For example, I usually get a horse to turn by simply drawing my outside leg back an inch or so and rotating my upper body in the direction I want to go. This brings a lot of things into play including the outside rein touching the horse's neck. On the few occasions when that doesn't work. I might take my inside hand out to the side to help draw the horse's head in that direction. I would release any pressure the moment the horse gave an indication of a response. In that way, I could repeat it if necessary. I would not, however, be pulling the horse through the turn.
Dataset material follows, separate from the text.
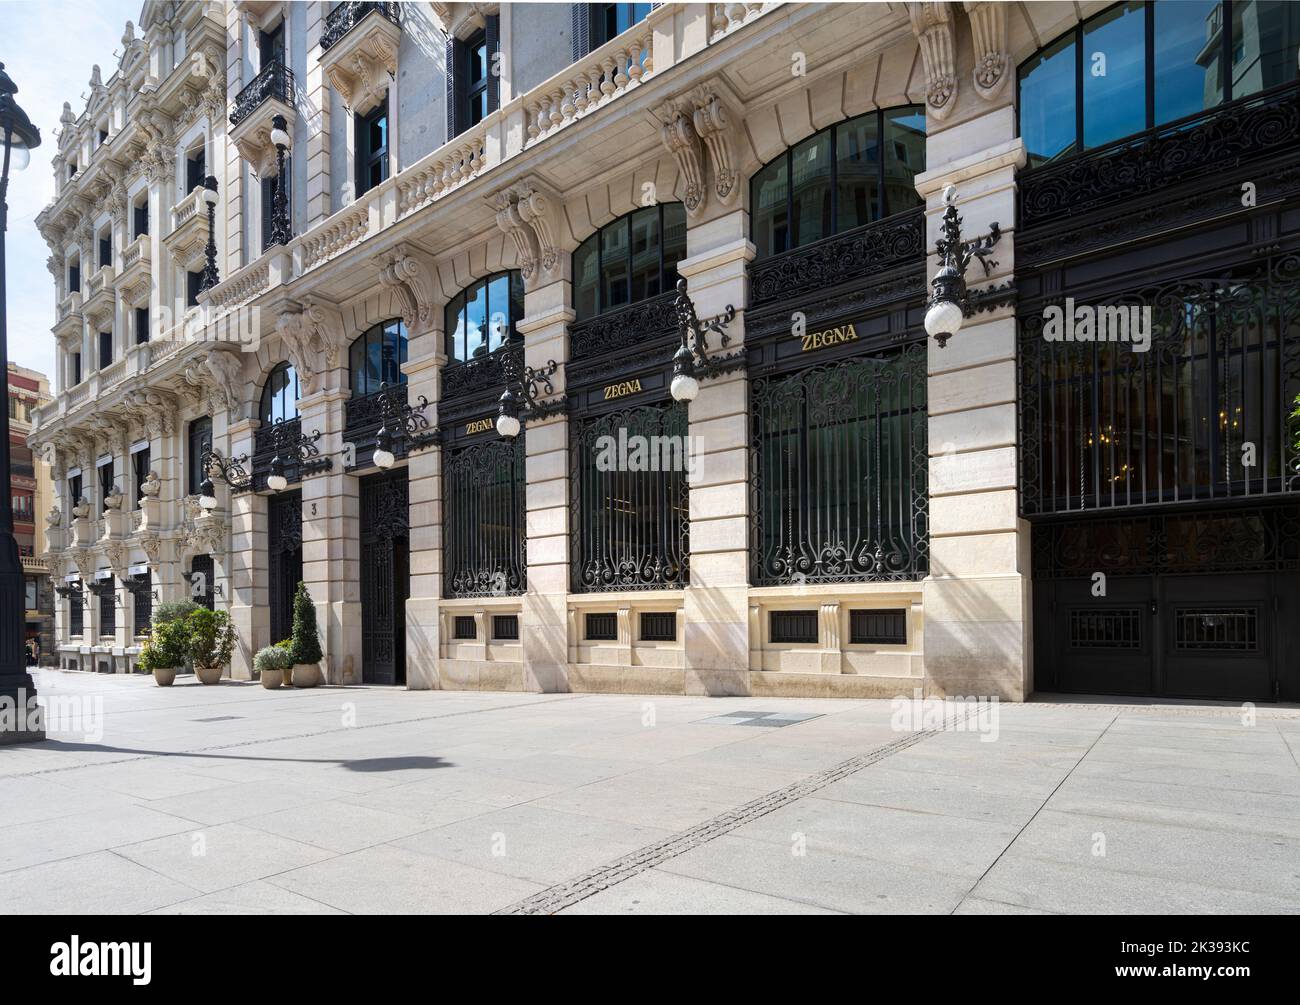 Madrid, Spain, September 2022.  External view of the Zegna brand store in the city center Stock Photo

One particularly sensitive horse didn't even seem to understand that. When I touched his withers with my outside hand, however, he turned. I used this action to help him understand what my other actions had been meant to communicate.
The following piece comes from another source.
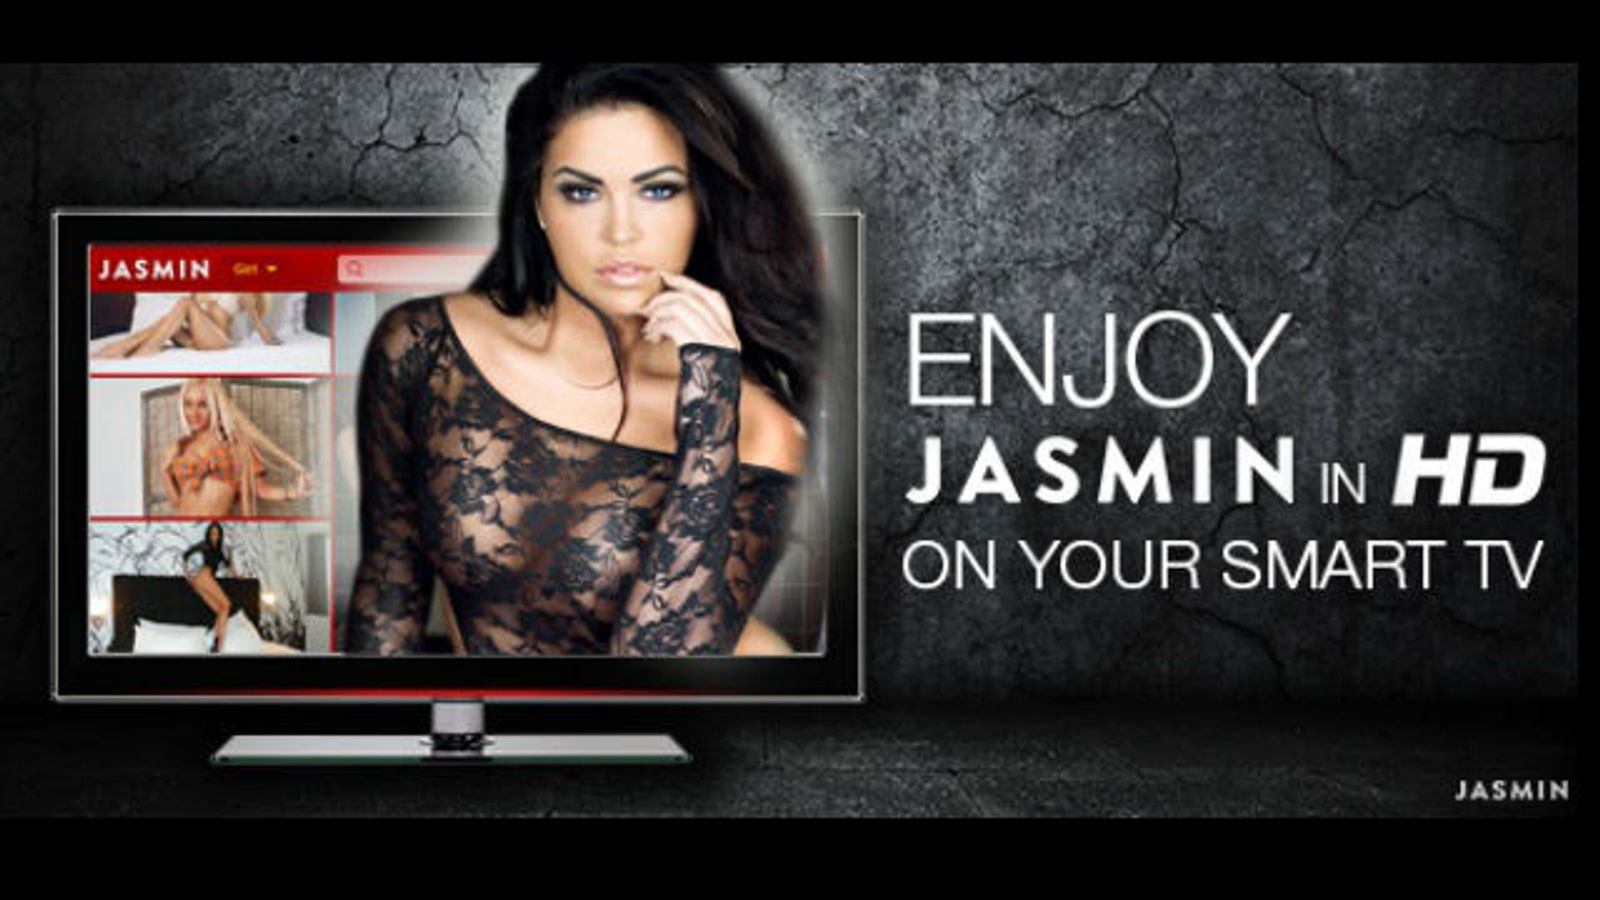 Jasmin.com Launches Live Chat Services for HDTV

Another example is the leg-yield. I begin this work at a walk so the horse has more time to think and respond correctly. Rather than steady pressure with the inside leg. I "pulse" this pressure with the timing of the horse's inside leg stepping forward. As the horse lifts this foot off the ground to move it forward, my leg is telling him: "Let's move it sideways just a little bit as well." The other legs will naturally follow the diagonal motion of the first.
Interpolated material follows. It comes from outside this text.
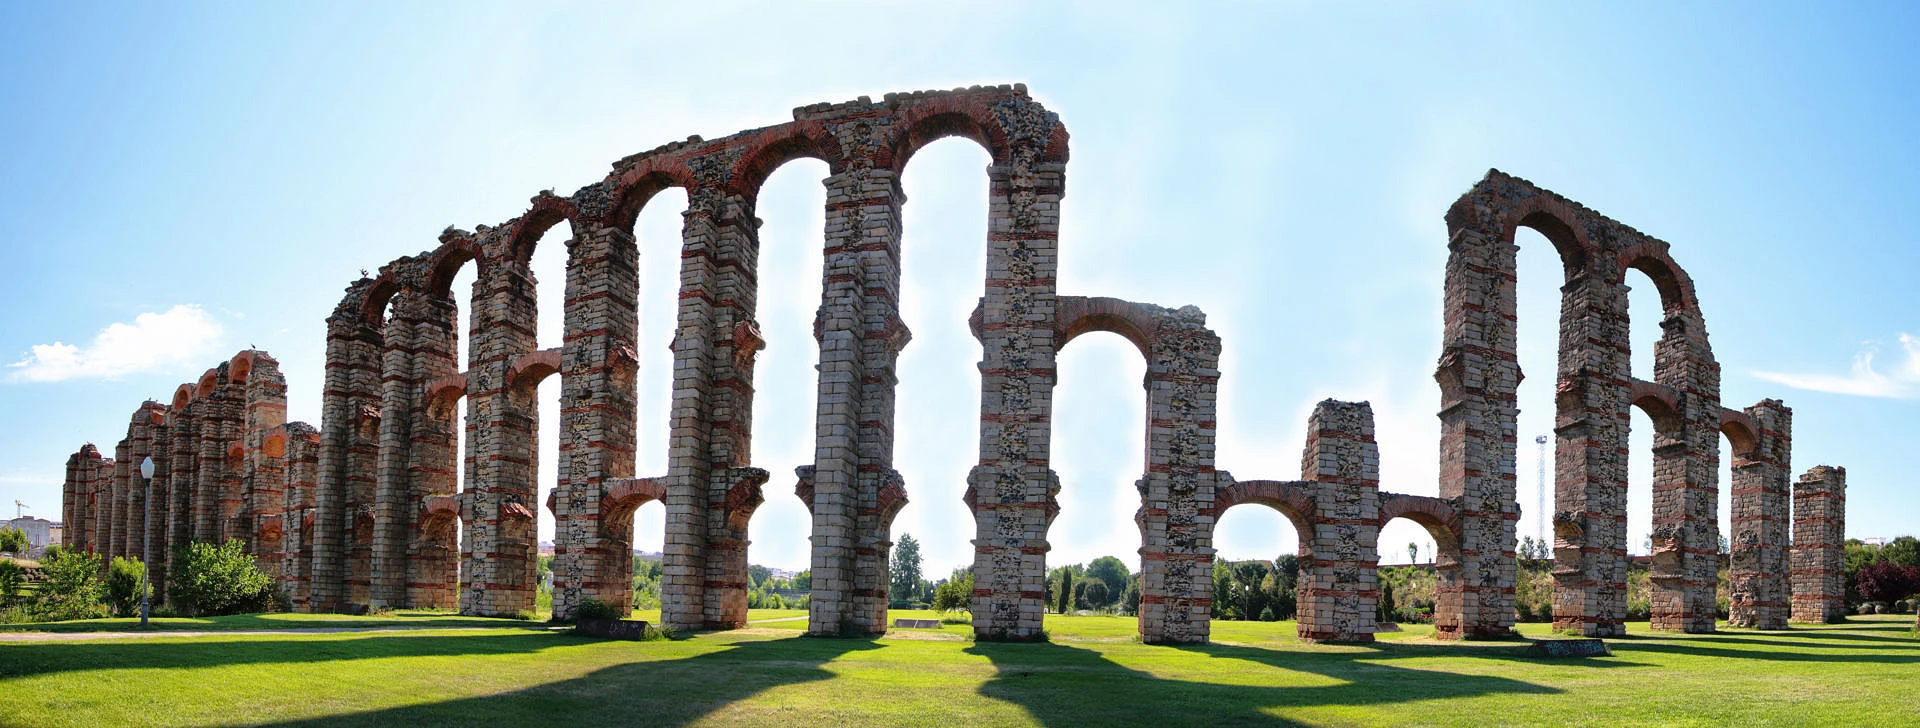 Aqueduct of the Miracles

Think about how you asking and how the horse might be understanding. If the horse doesn't seem to understand, don't simply shout the same thing more loudly. Try to find a different way of explaining what you want.

Another important thing to remember is not to inhibit the horse from doing what you want. Riders often concentrate on one thing they are doing and don't realize how other things they are doing at the same time may be preventing the horse from doing what they want. Worse yet, is when the horse thinks the rider's other action is telling him to do something else.

An example of the latter is the rider who draws his leg several inches away from the horse's side in order to "open the door" and get the horse to move in that direction. To keep balance on the horse, the rider shifts his weight to the opposite hip. Rather than moving in the direction of the "open door", the horse tries to keep his rider from falling off by moving in the direction of the excess weight.

I wrote an article once about a teacher who worked with children with learning disabilities. He explained that the difficulty was often one of perception. The children weren't stupid. The teacher just needed to find the correct method of communicating.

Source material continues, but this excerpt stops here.